I read in the "ctype.h - macros or functions?" thread that
if foo is both the name of a function and a macro , by typing
(foo) you instruct the compiler to use the function version.
Can someone explain to me why this works ?

Cheers
Spiros Bousbouras
 
M

Michael Mair

I read in the "ctype.h - macros or functions?" thread that
if foo is both the name of a function and a macro , by typing
(foo) you instruct the compiler to use the function version.

Consider
,-- macrofun.c -
#include <stdio.h>
#define bar baz
#define foo(s) bar(s)

void (foo) (const char *s);
void (bar) (const char *s);

int main (void)
{
foo("Hello");
(foo)("world");

return 0;
}

void (foo) (const char *s)
{
printf(" *%s*\n", s);
}

void baz (const char *s)
{
printf("%s", s);
}

`---
and play with the parentheses around foo for the three locations
Can someone explain to me why this works ?

The short of it: The C preprocessor performs text replacement;
"(foo)(something)" does not match the pattern "foo(s)",
"foo(something)" does.

Cheers
Michael
 
S

spibou

Michael said:
The short of it: The C preprocessor performs text replacement;
"(foo)(something)" does not match the pattern "foo(s)",
"foo(something)" does.

How is "(foo)(something)" tokenized ?

Cheers
Spiros Bousbouras
 
E

Eric Sosman

I read in the "ctype.h - macros or functions?" thread that
if foo is both the name of a function and a macro , by typing
(foo) you instruct the compiler to use the function version.
Can someone explain to me why this works ?

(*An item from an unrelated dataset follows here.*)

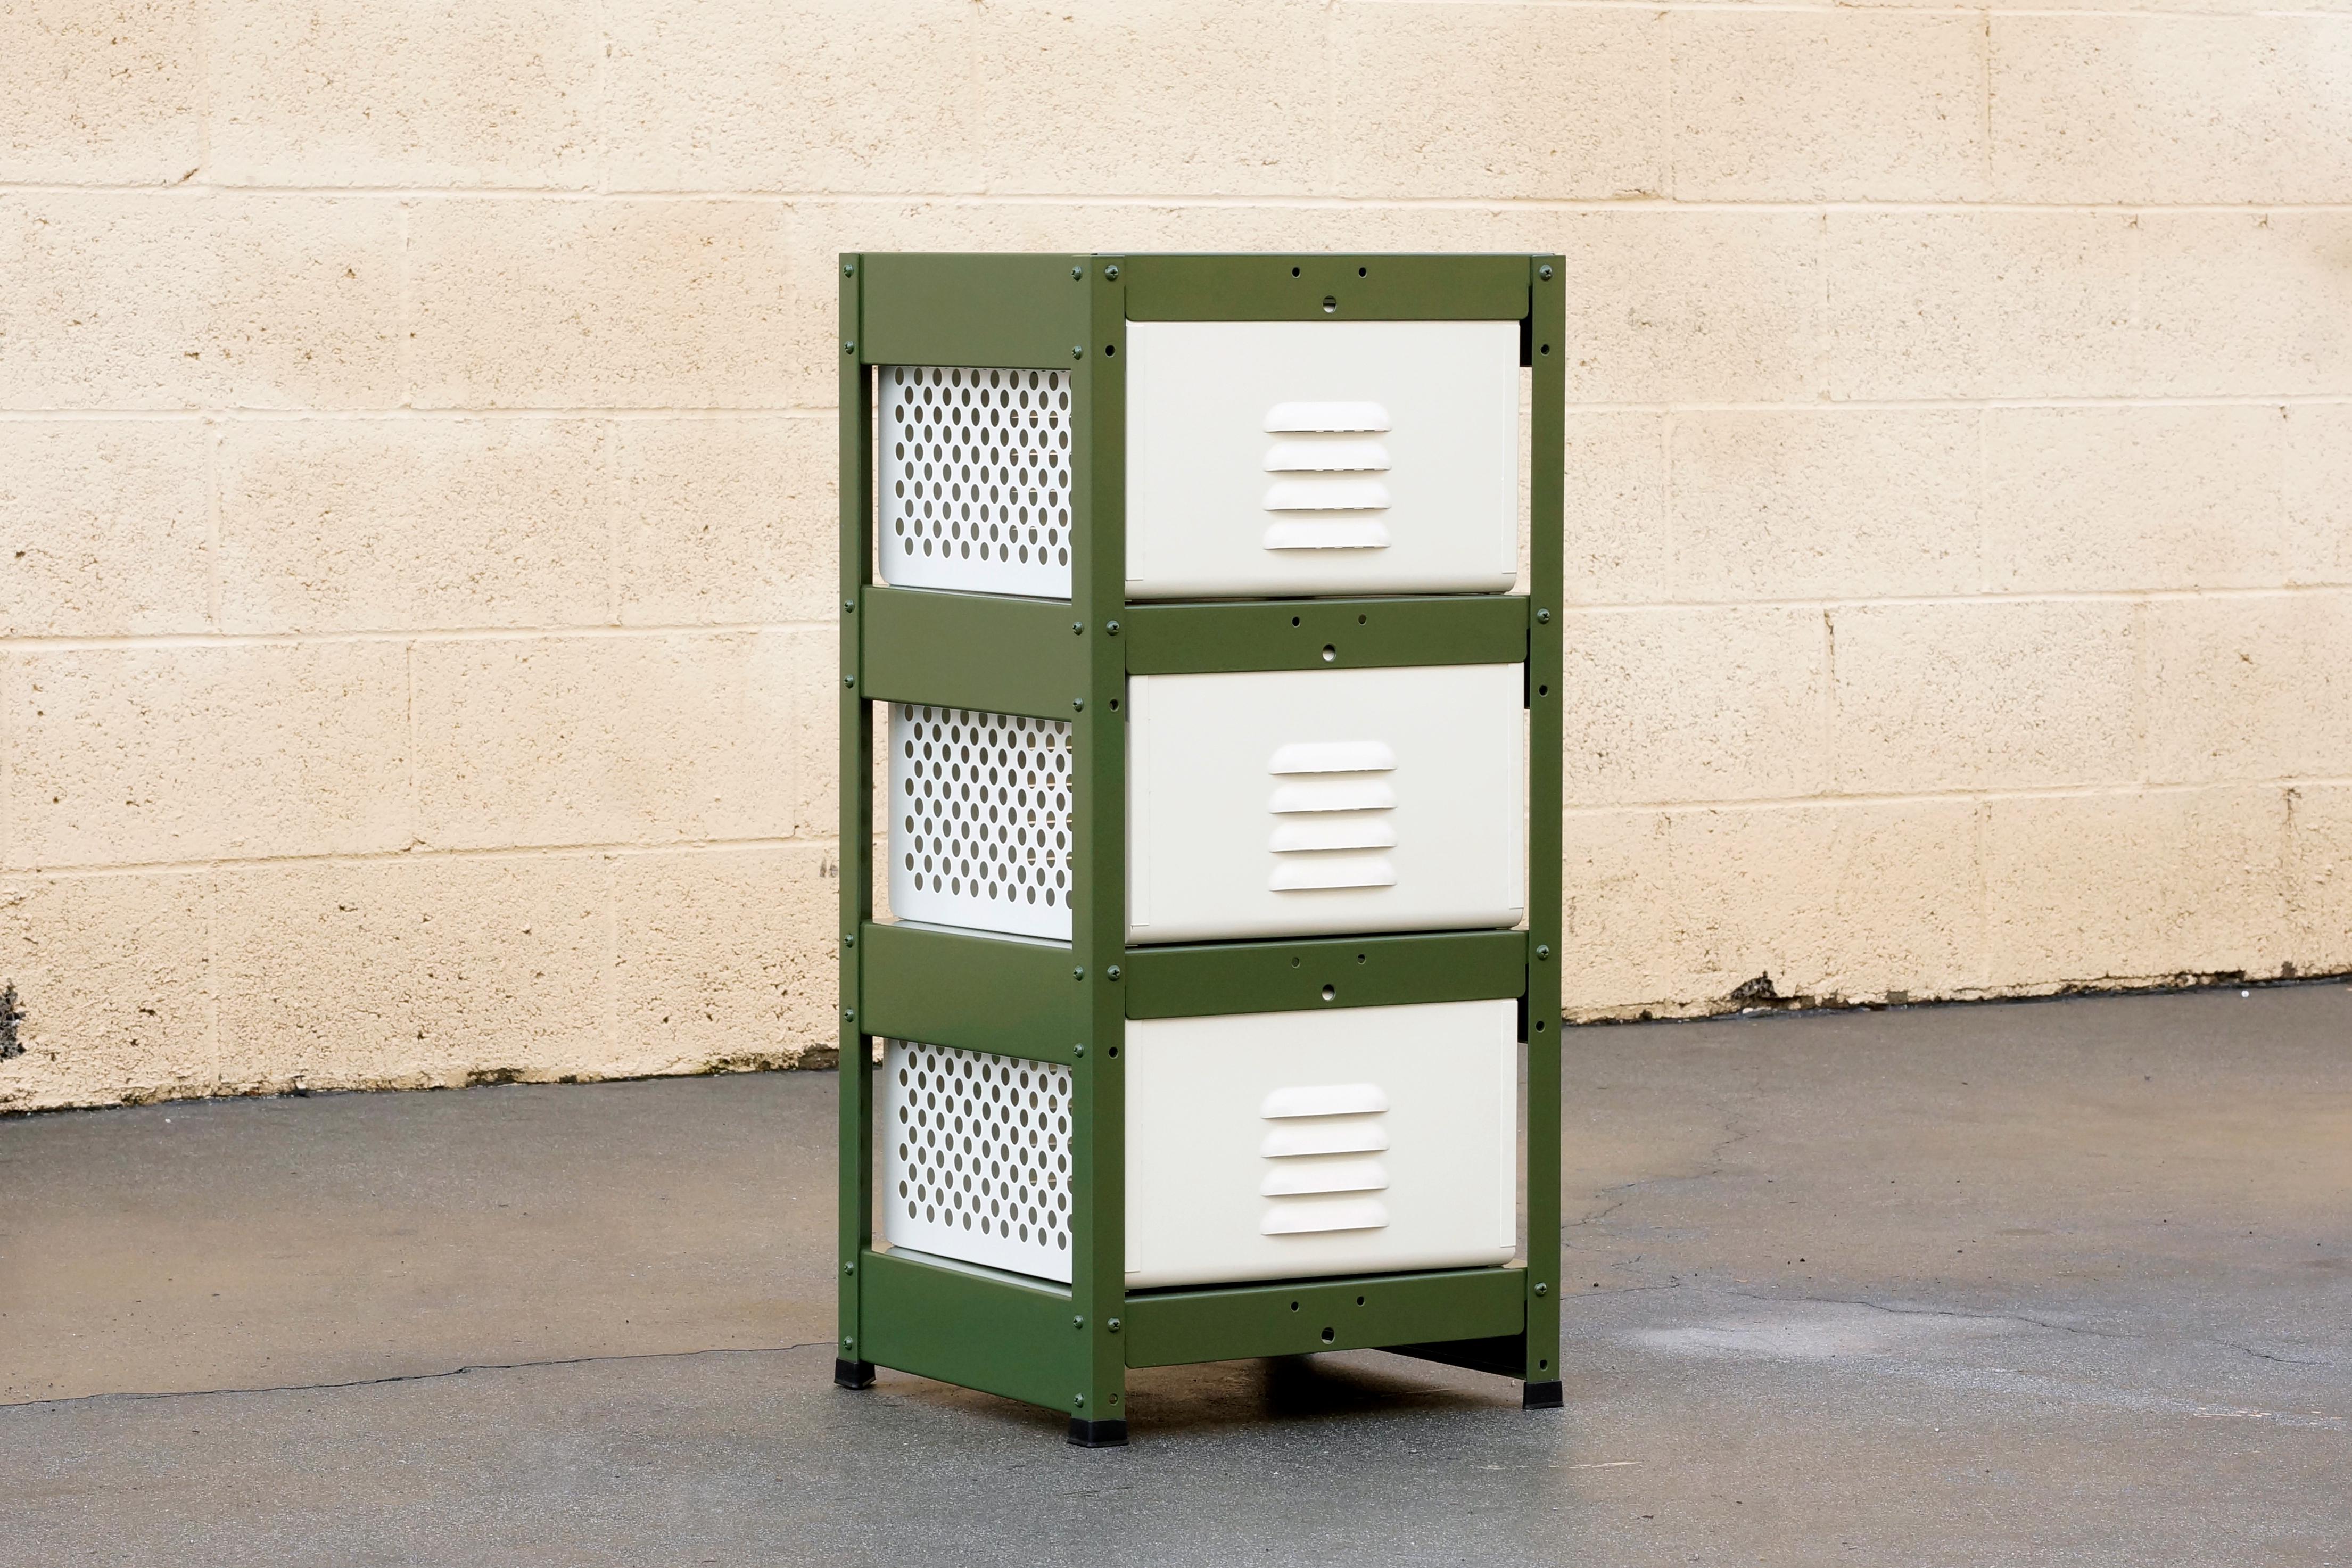 Our newly fabricated locker basket units are inspired by the mid-century classics we've been refinishing for years. Featured here is a 1 x 3 unit with pearl baskets and an army green frame. It's the perfect storage solution for anything from tools,
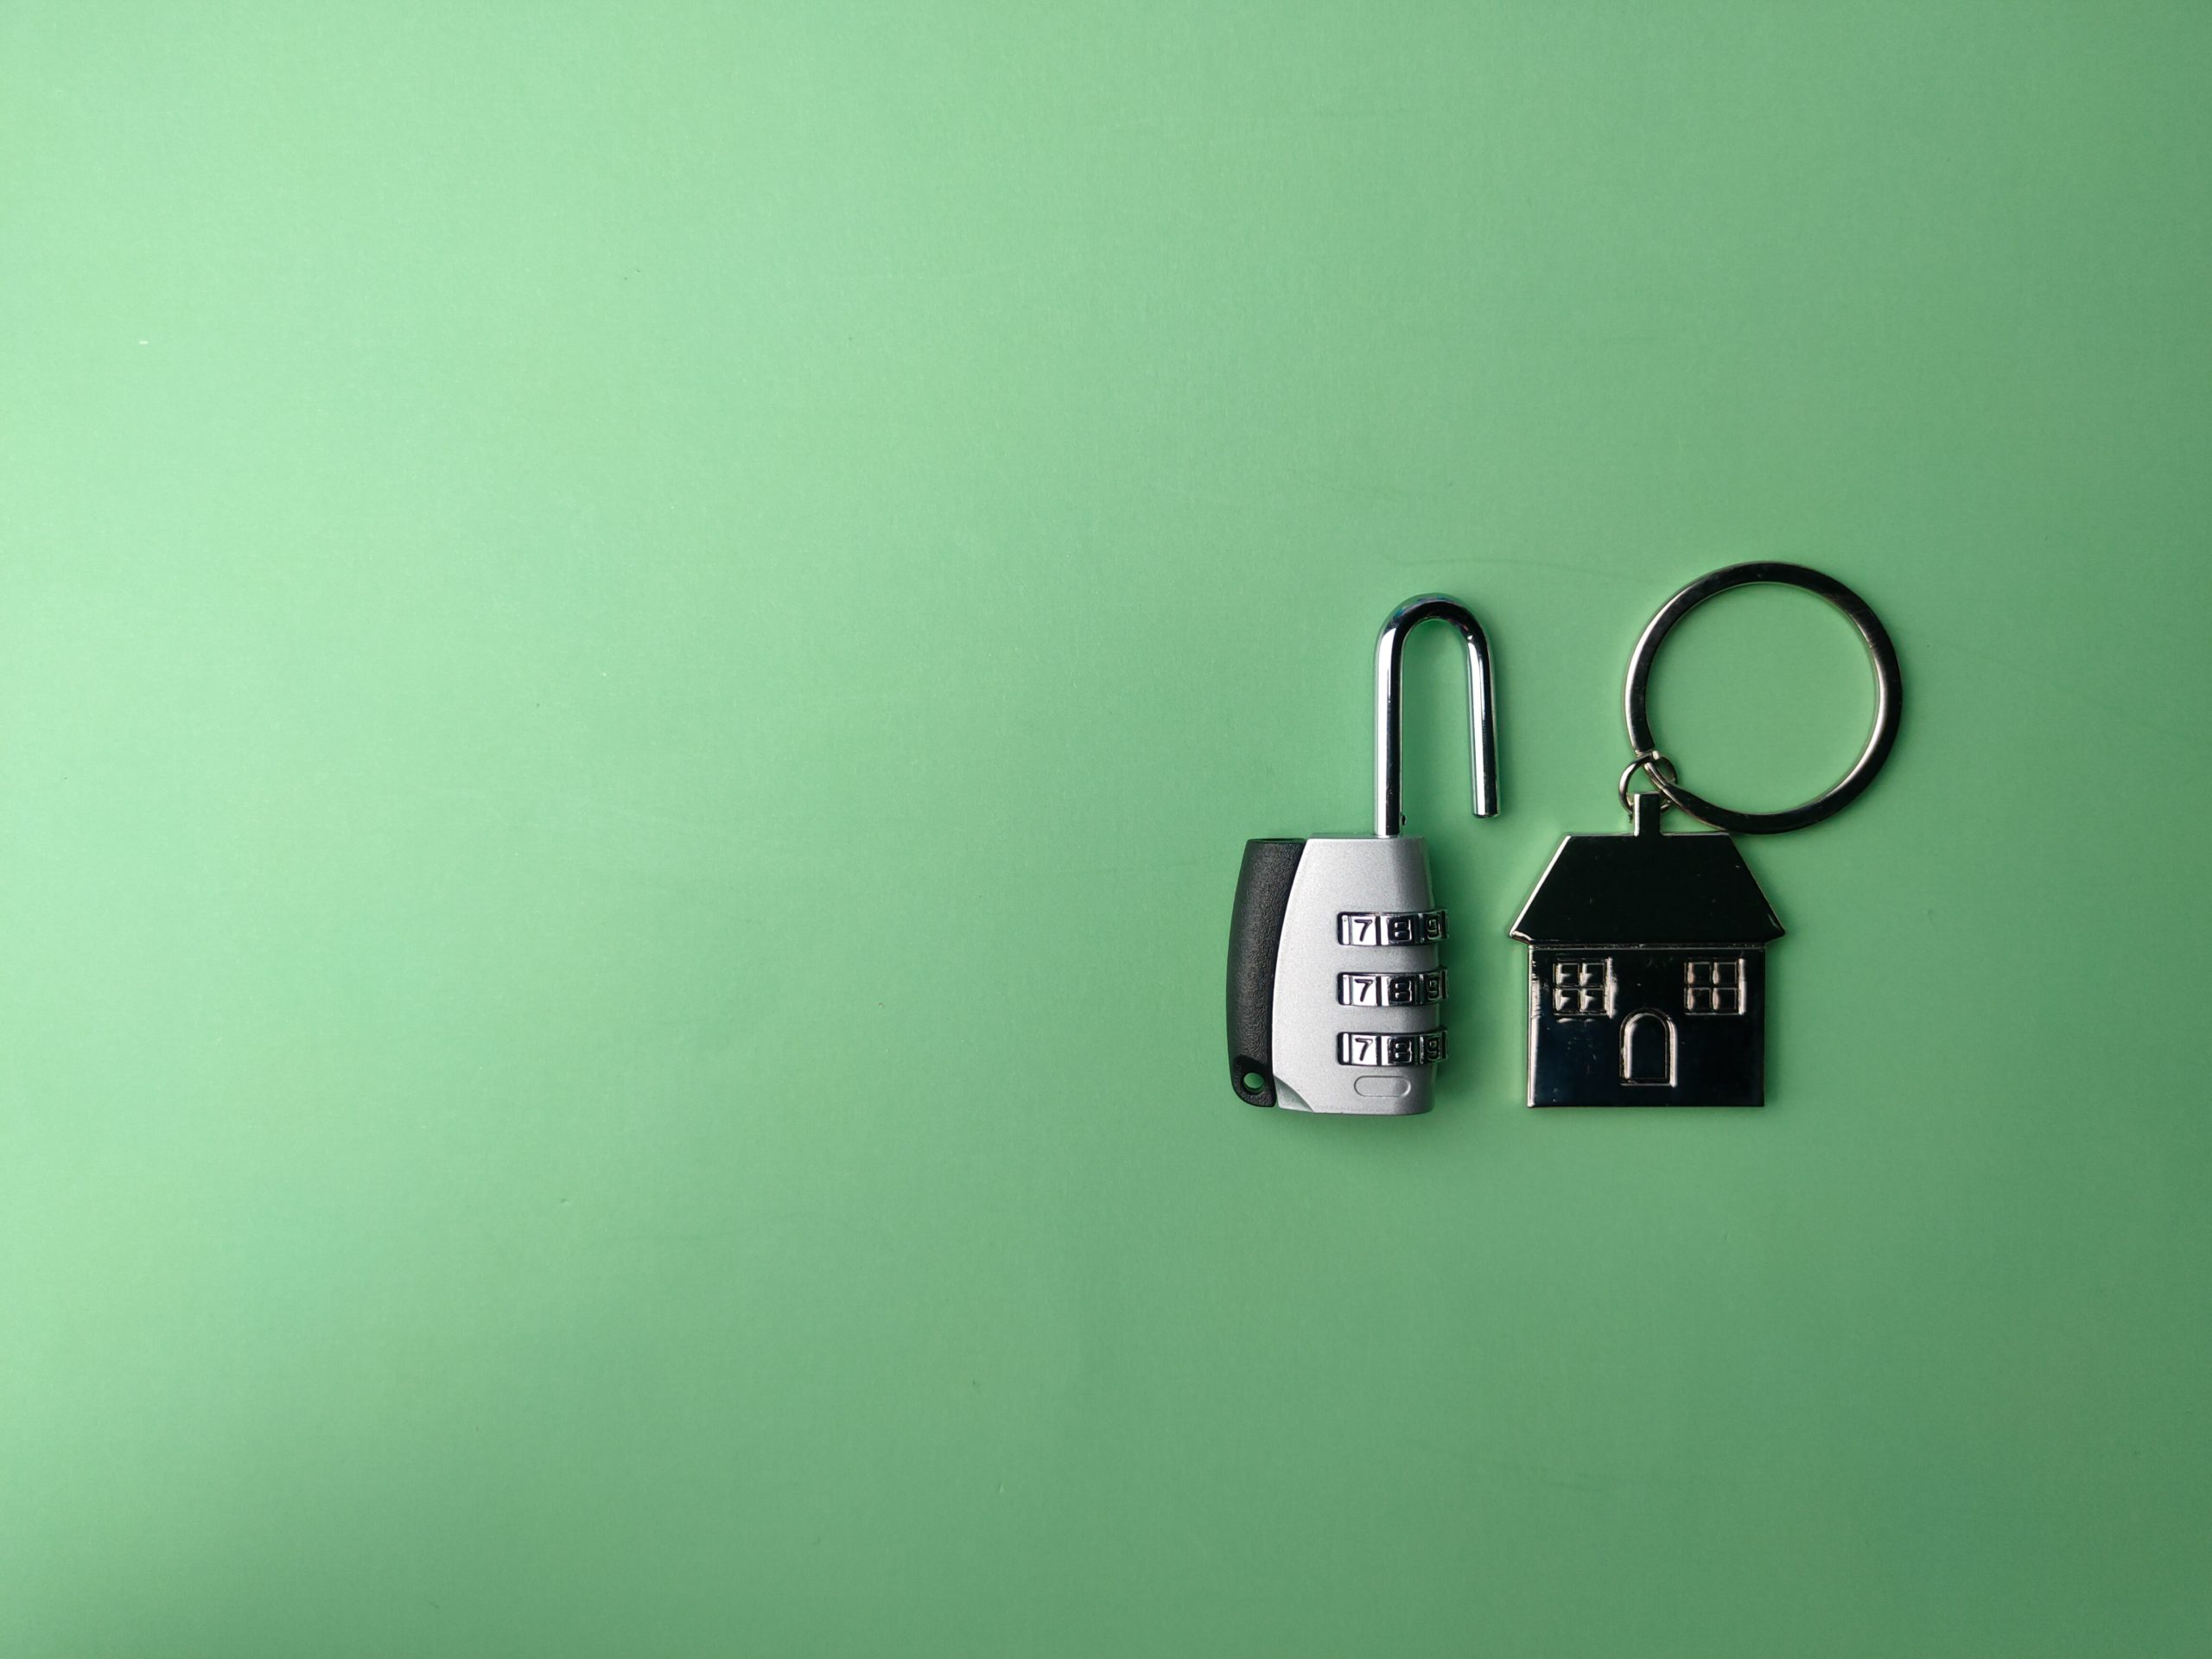 a metal keychain of a house with an opened lock next to it on a light green background

It's because the macro must be a "function-like" macro,
that is, one like

#define sqrt(x) __builtin_sqrt(x)

and not like

#define sqrt __builtin_sqrt

The preprocessor will not recognize and expand a function-
like macro unless the name is followed by a ( that introduces
the list of arguments. When you write (sqrt)(42.0) the `sqrt'
is followed by a ) and not by a (, so the preprocessor leaves
it alone and does not try to expand it as a macro.
 
K

Keith Thompson

How is "(foo)(something)" tokenized ?

It's the following sequence of tokens:
left-paren
identifier "foo"
right-paren
left-paren
something (whatever that happens to be)
right-paren

Since the answer to your question is so obvious and straightforward, I
suspect you were really trying to ask something else.
 
S

spibou

Keith Thompson wrote:

It's the following sequence of tokens:
left-paren
identifier "foo"
right-paren
left-paren
something (whatever that happens to be)
right-paren

Since the answer to your question is so obvious and straightforward, I
suspect you were really trying to ask something else.

Oh no , I asked what I wanted to ask and in fact the tokenization is
what I thought would happen. But I guess I had in the back of my head
the notion that if a token is the name of a macro , it will be
expanded. But
Eric Sosman explained why this would not happen in this case.